10. Don't ignore the warning signs -
Big losses rarely come without warning. Don't wait for a lifeboat to abandon a sinking ship.
11. Don't count your chickens -
Profits aren't booked until the trade is closed. The market gives and the market takes away with great fury.
12. Don't forget the plan -
Remember the reasons you took the trade in the first place, and don't get blinded by volatility.
13. Don't have a paycheck mentality -
You don't deserve anything for all of your hard work. The market only pays off when you're right, and your timing is really, really good.
14. Don't join a group -
Trading is not a team sport. Avoid stock boards, chatrooms and financial TV. You want the truth, not blind support from others with your point of view.
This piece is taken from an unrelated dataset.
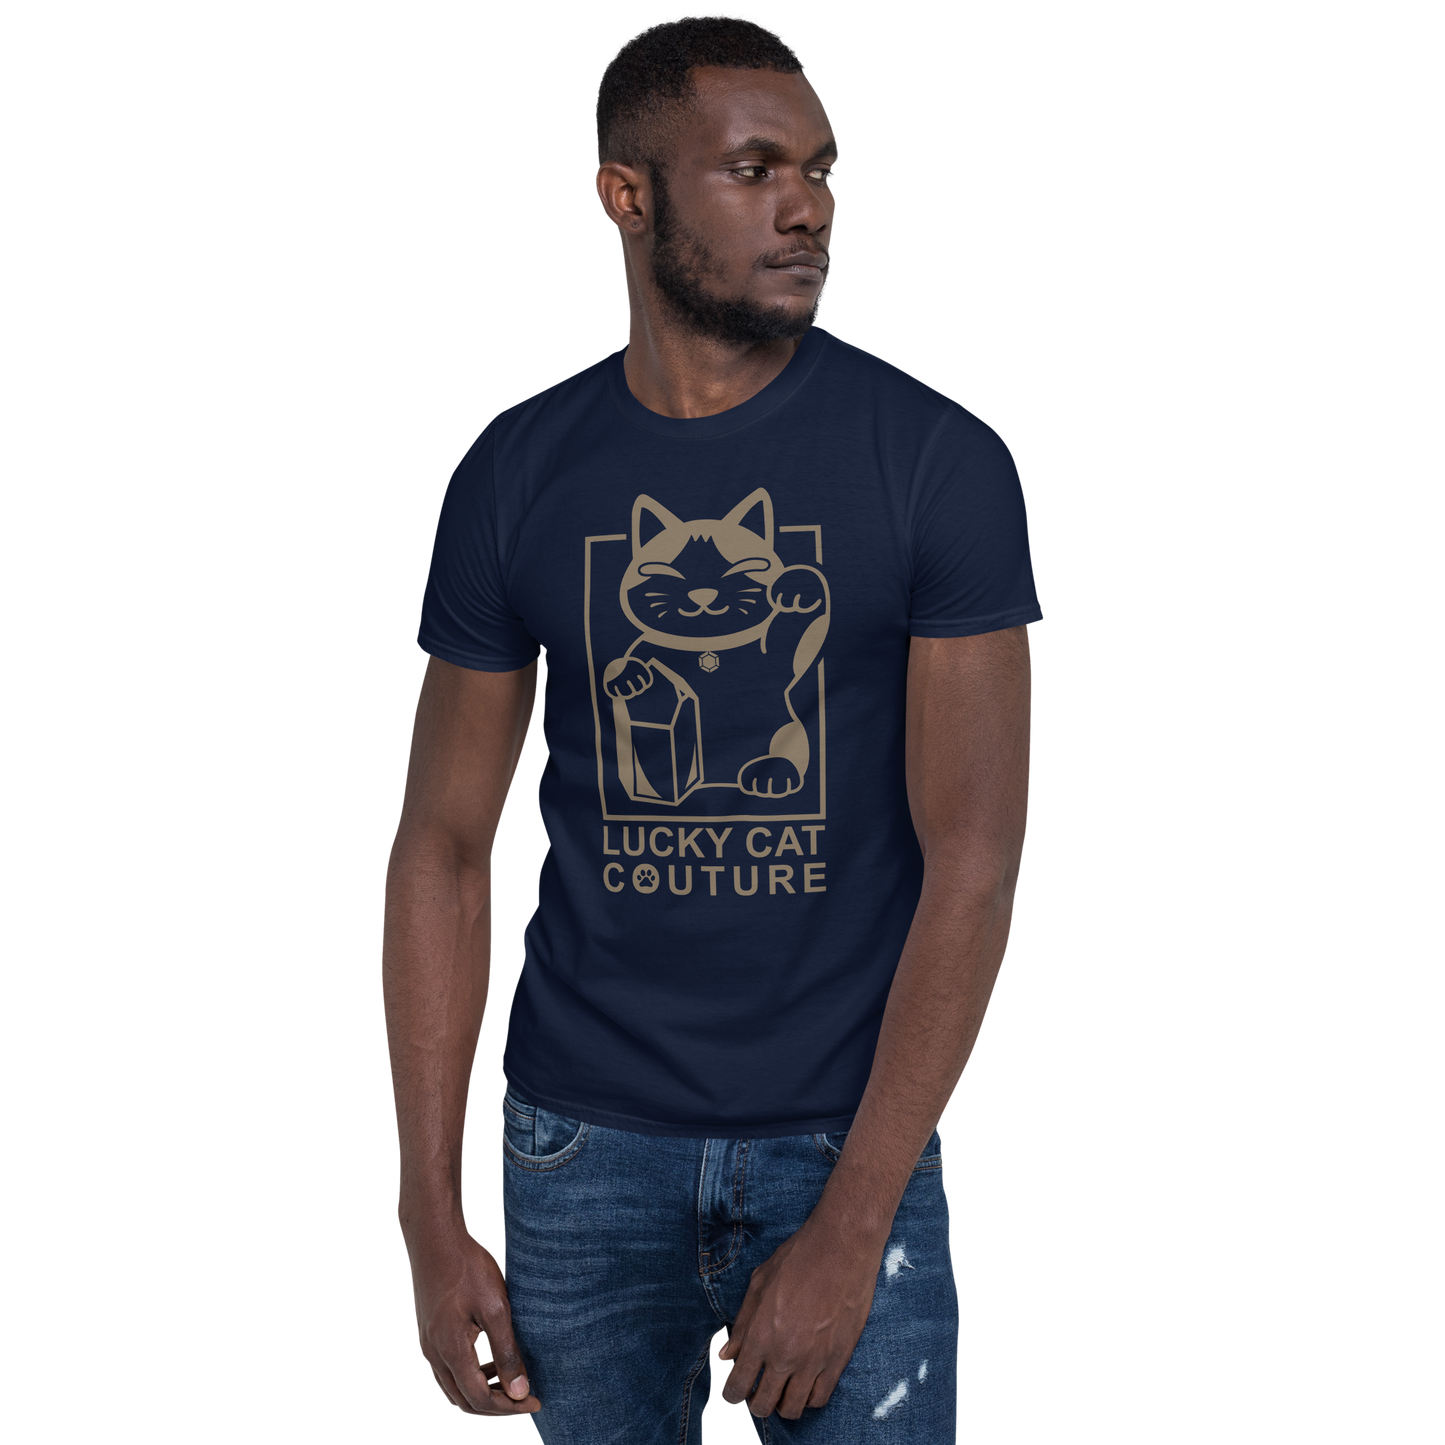 Navy Blue Lucky Cat Couture Tee

15. Don't ignore your intuition -
Respect the little voice that tells you what to do, and what to avoid. That's the voice of the winner trying to get into your thick head.
16. Don't hate losing -
Expect to win and lose with great regularity. Expect the losing to teach you more about winning, than the winning itself.
17. Don't fall into the complexity trap -
A well-trained eye is more effective than a stack of indicators. Common sense is more valuable than a backtested system.
18. Don't confuse execution with opportunity -
Overpriced software won't help you trade like a pro. Pretty colors and flashing lights make you a faster trader, not a better one.
19. Don't project your personal life -
Trading gives you the perfect opportunity to discover just how screwed up your life really is. Get your own house in order before playing the markets.
20. Don't think its entertainment -
Trading should be boring most of the time, just like the real job you have right now.